What you should do: Transcribe, exactly and in full, every record shown below, while omitting its images.

=== Section Start ===

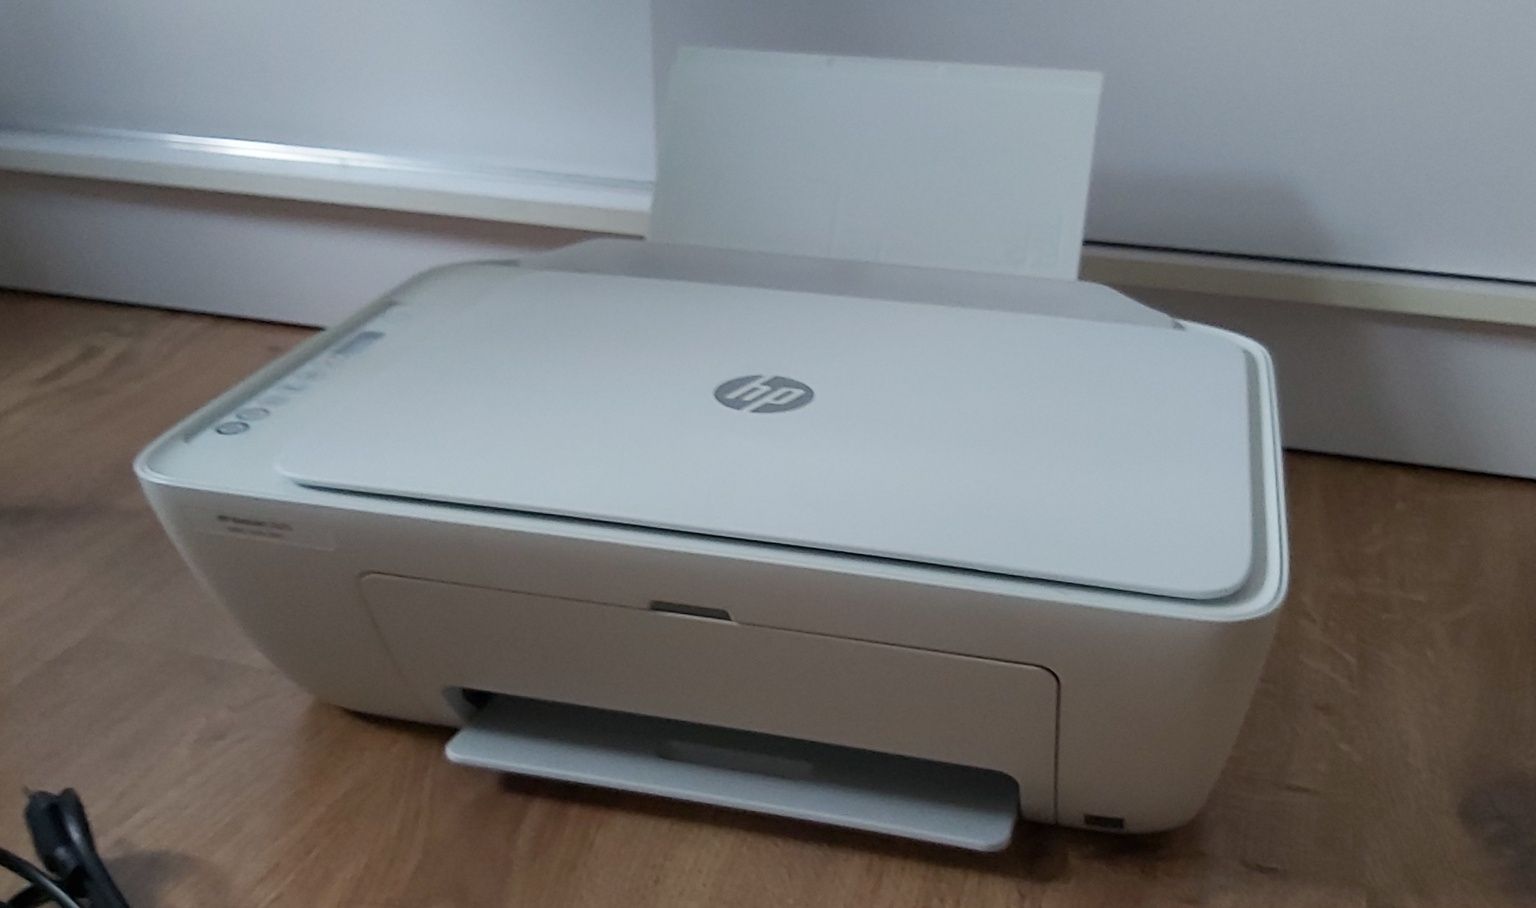 Drukarka wielofunkcyjna HP Deskjet 2620 Print Scan Copy
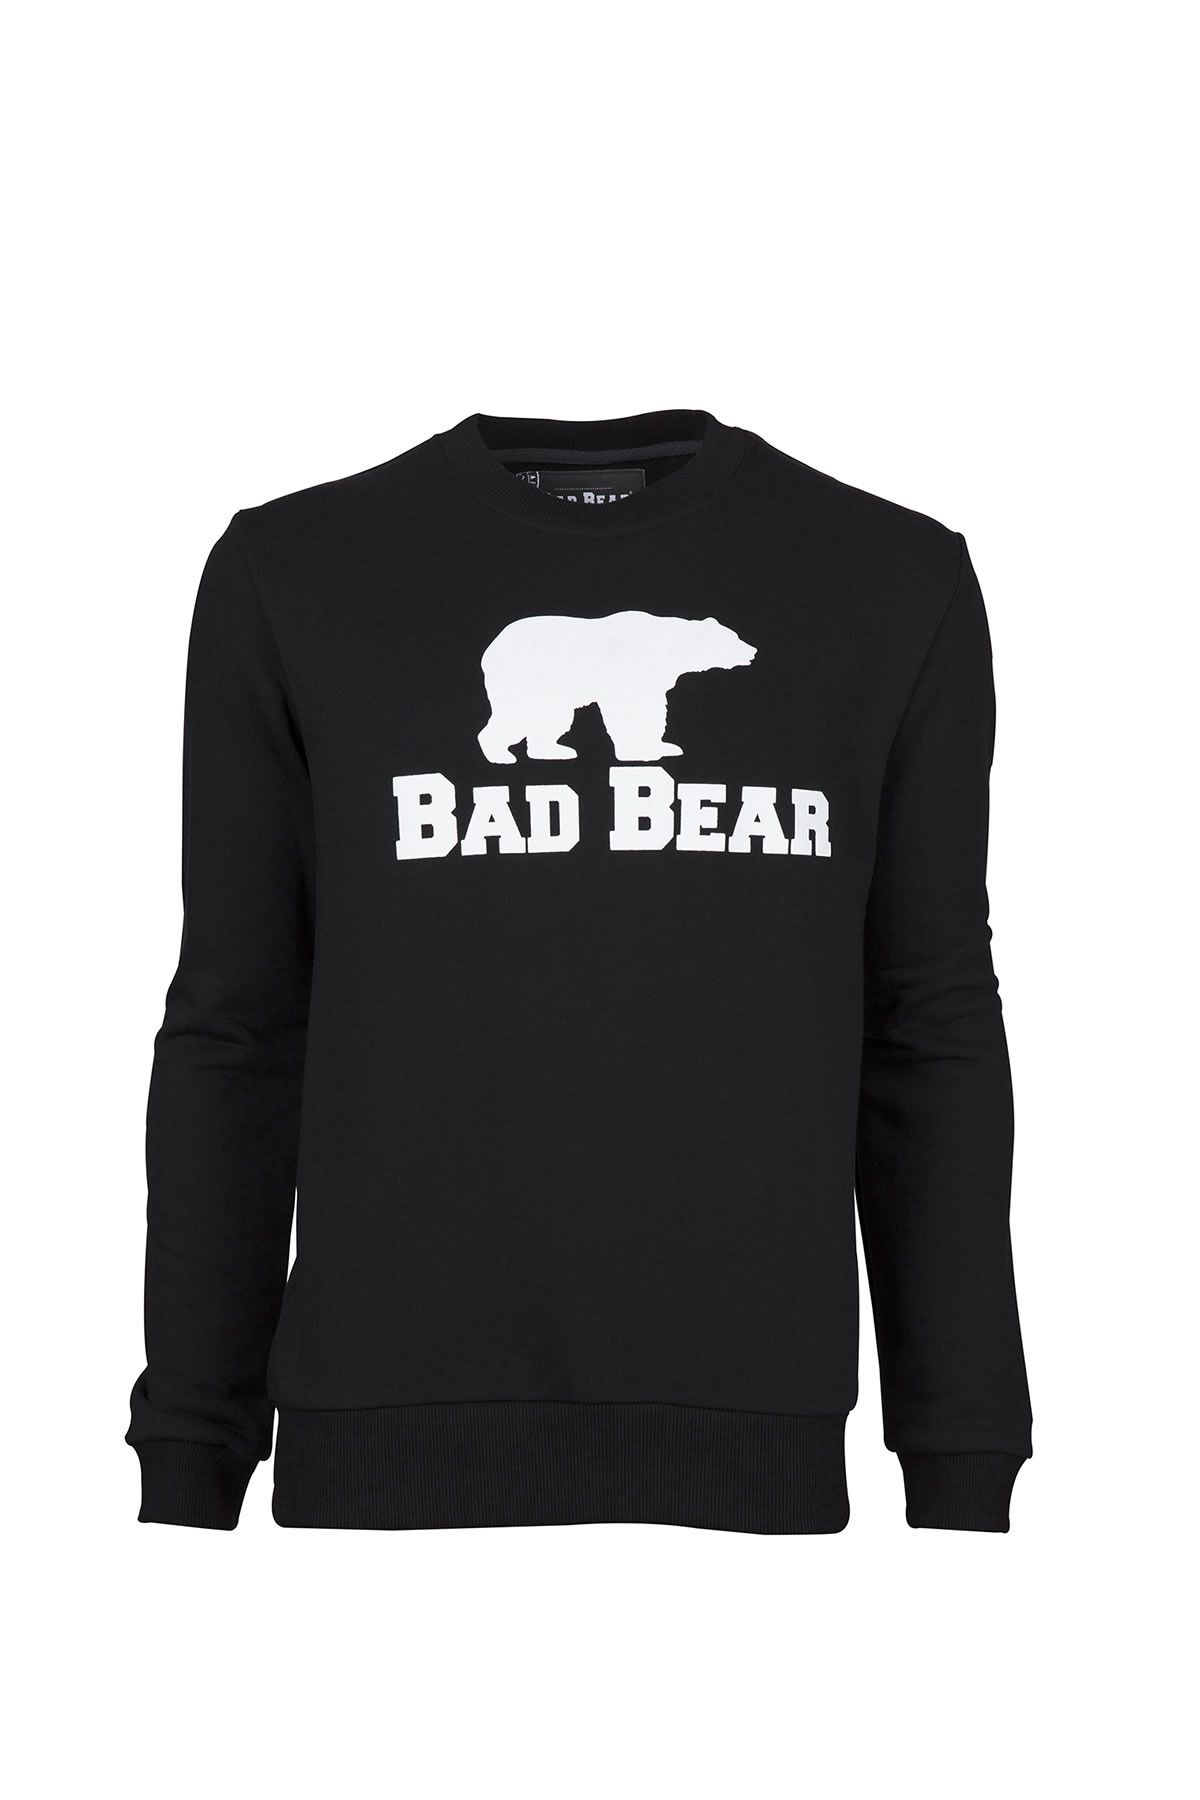 Bad Bear Bad Bear Crewneck Erkek Sweatshirt 20.02.12.011-c27
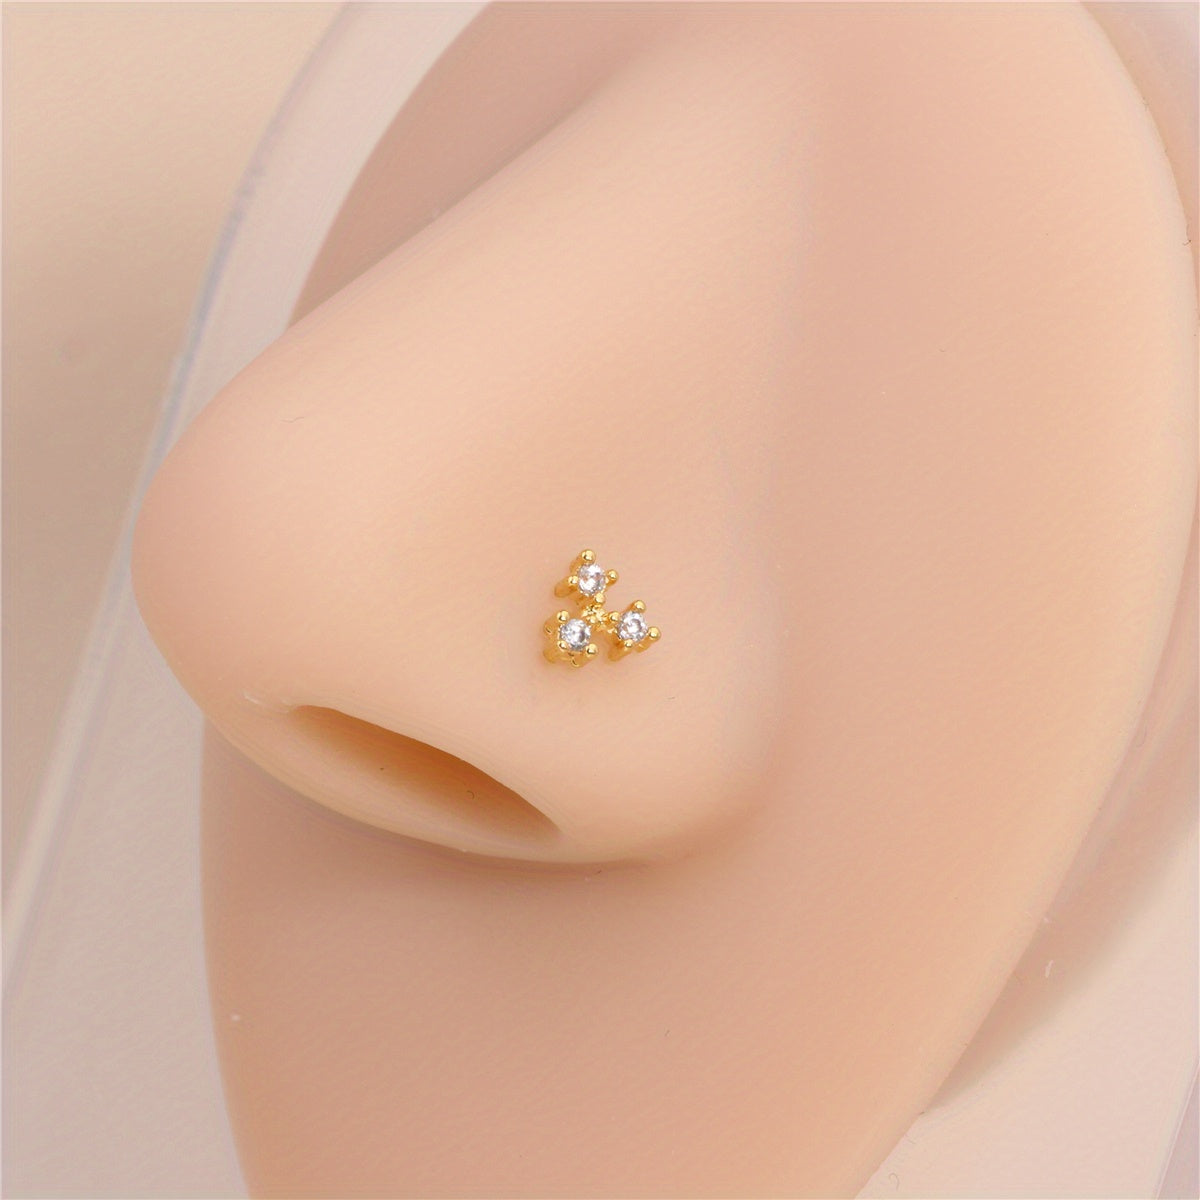 1Pcs Nose Rings Studs For Women Men L Shape Body Piercing Jewelry
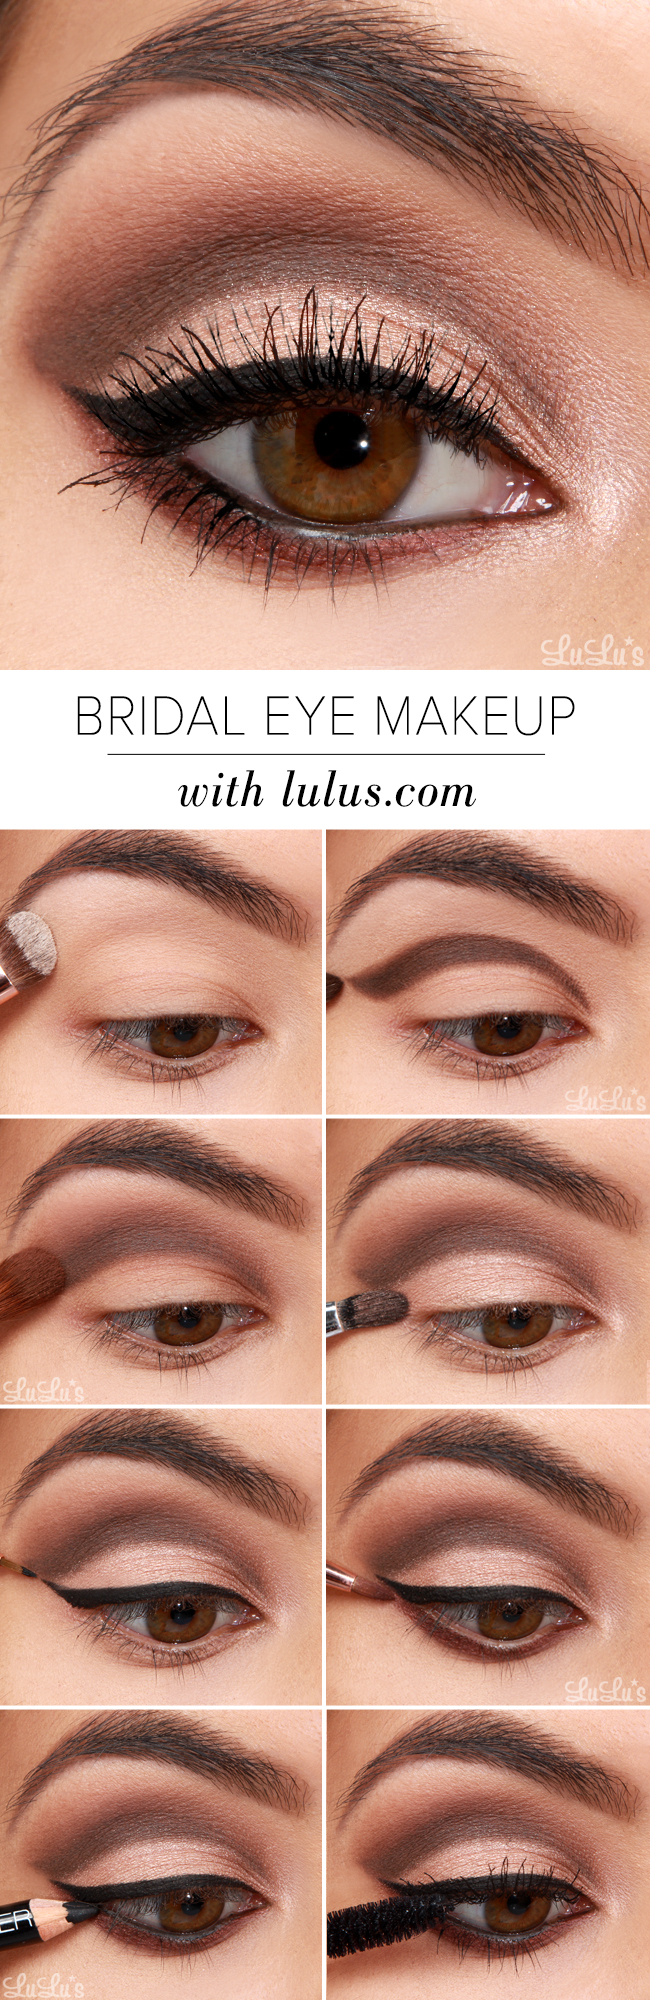 How To Do Wedding Eye Makeup Lulus How To Bridal Eye Makeup Tutorial Lulus Fashion Blog
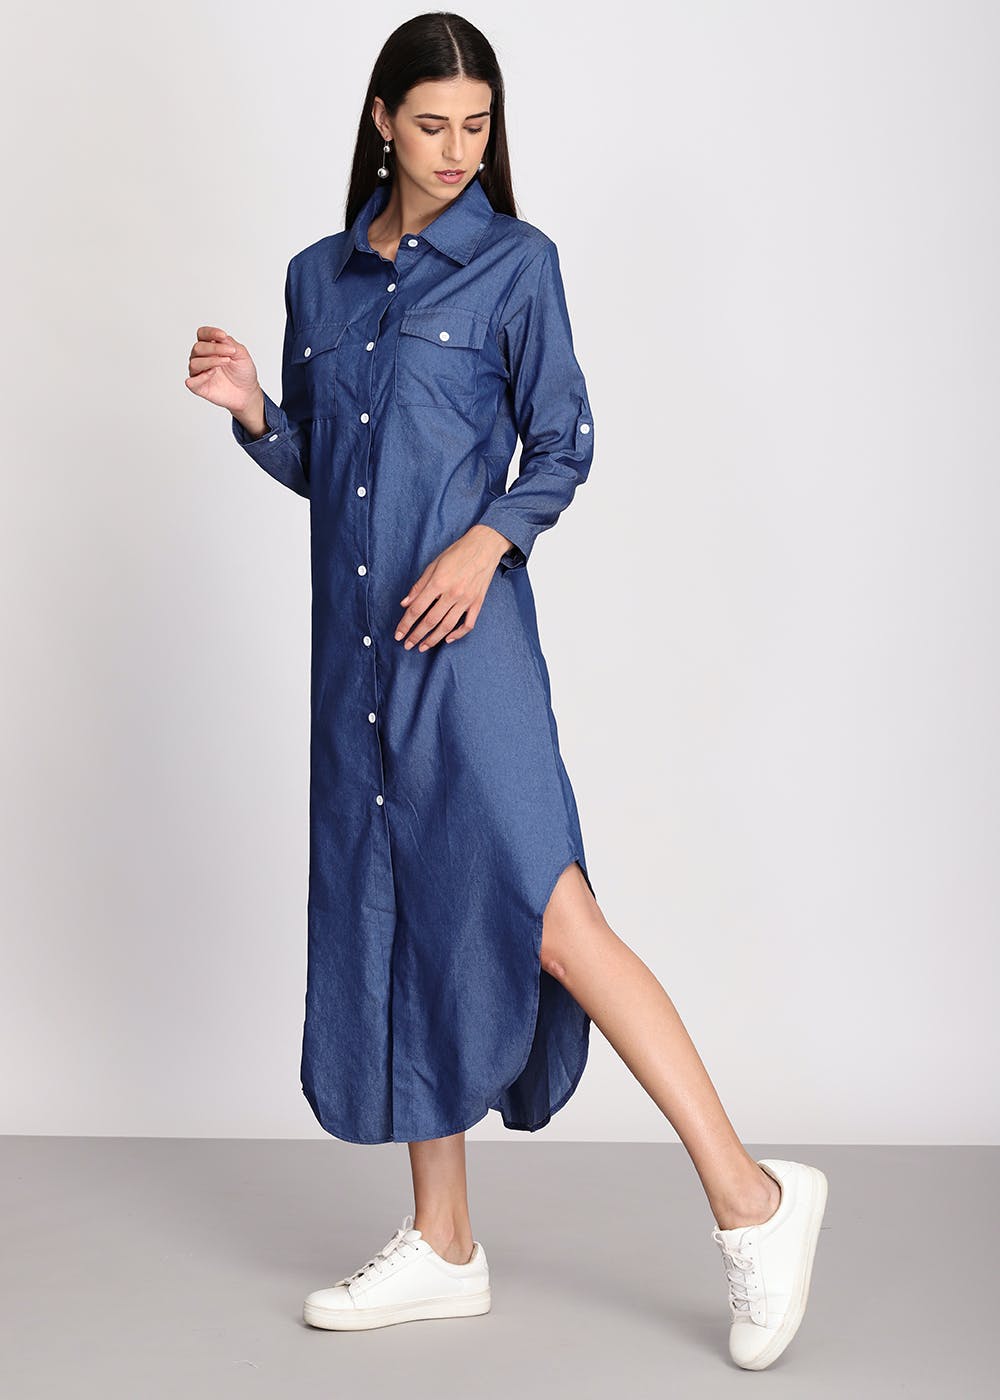 Buy StyleStone (3323DnmCrossBtnDrsS Women's Denim Dress with V Neck Blue at  Amazon.in

=== Section End ===

Exercise response:
 Drukarka wielofunkcyjna HP Deskjet 2620 Print Scan Copy
 Bad Bear Bad Bear Crewneck Erkek Sweatshirt 20.02.12.011-c27
 1Pcs Nose Rings Studs For Women Men L Shape Body Piercing Jewelry
 How To Do Wedding Eye Makeup Lulus How To Bridal Eye Makeup Tutorial Lulus Fashion Blog
 Buy StyleStone (3323DnmCrossBtnDrsS Women's Denim Dress with V Neck Blue at  Amazon.in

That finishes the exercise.